Researchers have unveiled a ground-breaking application of machine learning set to transform pelvic fracture surgery.
The innovation promises to enhance the treatment of injuries frequently incurred in car accidents.
Thanks to a collaborative effort between the Johns Hopkins University’s Whiting School of Engineering and the School of Medicine in the US, a cutting-edge approach called Pelphix has been introduced that utilises surgical phase recognition (SPR) powered by machine learning.
SPR identifies distinct stages within a surgical procedure, facilitating insights into workflow efficiency, surgical team proficiency, error rates and more.
Presented at the 26th International Conference on Medical Image Computing and Computer-Assisted Intervention in Vancouver, Pelphix aims to optimise pelvic fracture surgeries.
Benjamin Killeen, a member of the research team from the Department of Computer Science, highlighted the potential for reducing radiation exposure and shortening procedure durations via this novel approach.
The novelty of Pelphix, he says, lies in its integration of SPR into X-ray-guided procedures.
Typically, SPR analyses full-colour endoscopic videos, neglecting X-ray imaging despite its prevalence in various procedures such as orthopaedic surgery, interventional radiology and angiology.
The team pioneered their training dataset to bridge this gap, using synthetic data and deep neural networks to simulate surgical workflows and X-ray sequences.
Killeen emphasised their simulation’s fidelity to actual surgical scenarios, enabling the training of a machine learning-powered SPR algorithm specifically for X-ray sequences.
He said: ‘We simulated not only the visual appearance of images but also the dynamics of surgical workflows in X-ray to provide a viable alternative to real image sources – and then we set out to show that this approach transfers to the real world.’
Validated through cadaver experiments, Pelphix demonstrated its viability for real-world application, paving the way for future algorithms to leverage these simulations for pretraining.
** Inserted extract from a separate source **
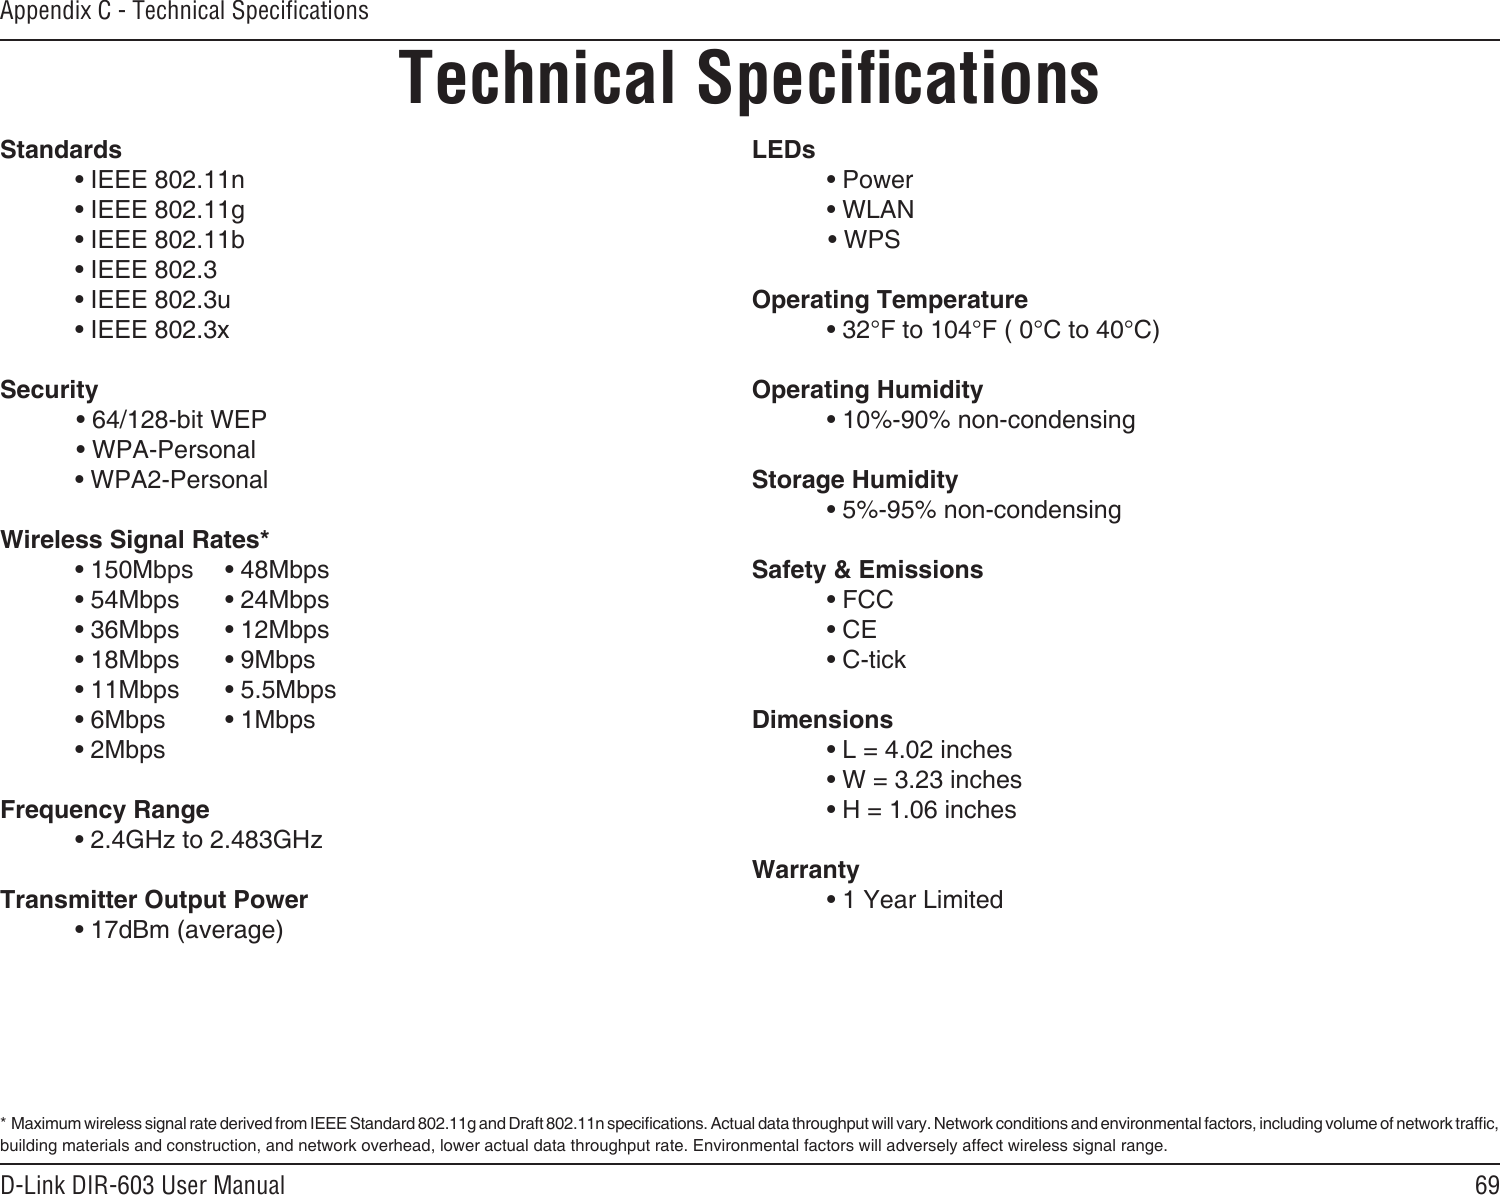 69D-Link DIR-603 User ManualAppendix C - Technical SpecicationsTechnical SpecicationsStandards  • IEEE 802.11n  • IEEE 802.11g  • IEEE 802.11b  • IEEE 802.3  • IEEE 802.3u  • IEEE 802.3xSecurity           • 64/128-bit WEP            • WPA-Personal  • WPA2-PersonalWireless Signal Rates* • 150Mbps   • 48Mbps  • 54Mbps   • 24Mbps  • 36Mbps  • 12Mbps  • 18Mbps   • 9Mbps  • 11Mbps   • 5.5Mbps  • 6Mbps   • 1Mbps  • 2Mbps      Frequency Range  • 2.4GHz to 2.483GHzTransmitter Output Power  • 17dBm (average)LEDs  • Power        • WLAN             • WPS    Operating Temperature  • 32°F to 104°F ( 0°C to 40°C)Operating Humidity  • 10%-90% non-condensingStorage Humidity  • 5%-95% non-condensingSafety &amp; Emissions  • FCC  • CE  • C-tickDimensions  • L = 4.02 inches  • W = 3.23 inches  • H = 1.06 inchesWarranty  • 1 Year Limited*  Maximum wireless signal rate derived from IEEE Standard 802.11g and Draft 802.11n specications. Actual data throughput will vary. Network conditions and environmental factors, including volume of network trafc, building materials and construction, and network overhead, lower actual data throughput rate. Environmental factors will adversely affect wireless signal range.

Moving forward, the team is gathering patient data for extensive validation. Killeen outlined plans.
Killen added: ‘The next step in this research is to refine the workflow structure based on our initial results and deploy more advanced algorithms on large-scale datasets of X-ray images collected from patient procedures. In the long term, this work is a first step toward obtaining insights into the science of orthopaedic surgery from a big data perspective.’
The collaborative effort includes key figures such as Russell Taylor, Greg Osgood, Mehran Armand, Jan Mangulabnan and Han Zhang from various departments and labs within Johns Hopkins University.
This breakthrough promises to revolutionise surgical data science, emphasising the routine collection and interpretation of X-ray data.